For more than twenty years, Vida Strother worked as an employee of the United States Department of Agriculture (USDA) assigned as a poultry inspector at the Conagra processing plant in Batesville, Arkansas. As a part of its agreement with the USDA, Conagra provided work accommodations for USDA inspectors on their premises. On March 24, 1997, Strother had just completed her shift when she went upstairs to the breakroom provided for USDA employees, changed into her civilian apparel, stepped “three or four steps” outside of the breakroom, and slipped and fell. Strother fractured her left elbow and injured her lower back and hips as a result of the fall.

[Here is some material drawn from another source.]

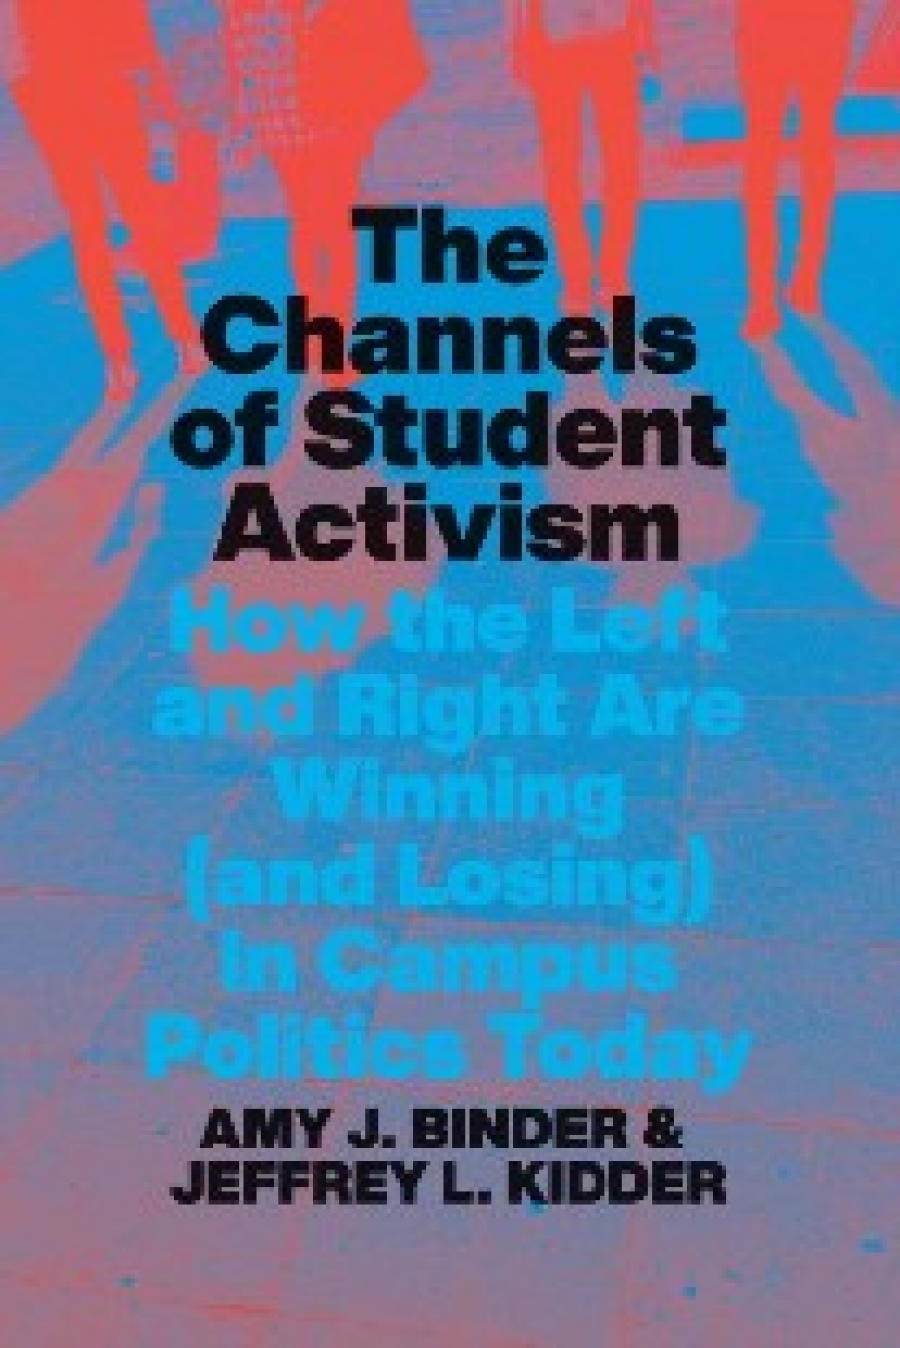 Binder, Amy J. Kidder, Jeffrey L. Channels of student activism

For its first argument, Conagra contends that the trial court erred in failing to grant its motion for a directed verdict at the close of trial and JNOV after the jury returned its verdict. Arkansas appellate courts have stated that the motion for a directed verdict is a condition precedent to moving for JNOV based on the reasoning that a motion for JNOV is technically only a renewal of the motion for directed verdict made at the close of the evidence. Wheeler Motor Co., Inc. v. Roth, 315 Ark. 318, 867 S.W.2d 446 (1993); Pennington v. Rhodes, 55 Ark. App. 42, 929 S.W.2d 169 (1996). The standard of review from the denial of a motion for a directed verdict or a motion for judgment notwithstanding the verdict is whether the non-movant’s proof was so insubstantial as to require a jury verdict, if entered in his behalf, to be set aside. Unicare Homes, Inc. v. Gribble, 63 Ark. App. 241, 977 S.W.2d 490 (1998); Home Mut. Fire Ins. Co. v. Jones, 63 Ark. App. 221, 977 S.W.2d 12 (1998); St. Edward Mercy Medical Ctr. v. Ellison, 58 Ark. App. 100, 946 S.W.2d 726 (1997). A trial court may grant a JNOV only if there is no substantial evidence to support the verdict of the jury and the moving party is entitled to judgment as a matter of law. Unicare Homes, Inc. v. Gribble, supra. Substantial evidence is defined as evidence of sufficient force and character to compel a conclusion one way or the other with reasonable certainty; it must force the mind to pass beyond suspicion or conjecture. Union Pac. R.R. v. Sharp, 330 Ark. 174, 952 S.W.2d 658 (1997). On appeal, we will only consider the evidence favorable to the appellee, together with all its reasonable inferences. Home Mut. Fire Ins. Co. v. Jones, supra. In such situations, the weight and value of testimony is a matter within the exclusive province of the jury. Unicare Homes, Inc. v. Gribble, supra.

Conagra’s basis for its motions for directed verdict and for JNOV was that Strother failed to establish either of the elements required in a slip-and-fall case. Specifically, Conagra argues that Strother failed to prove that the presence of water on the floor was the result of its negligence or that the water had been on the floor for such a length of time that Conagra knew or reasonably should have known of its presence and failed to use ordinary care to remove it. We do not agree that Strother had the burden of establishing these elements under the facts of this case.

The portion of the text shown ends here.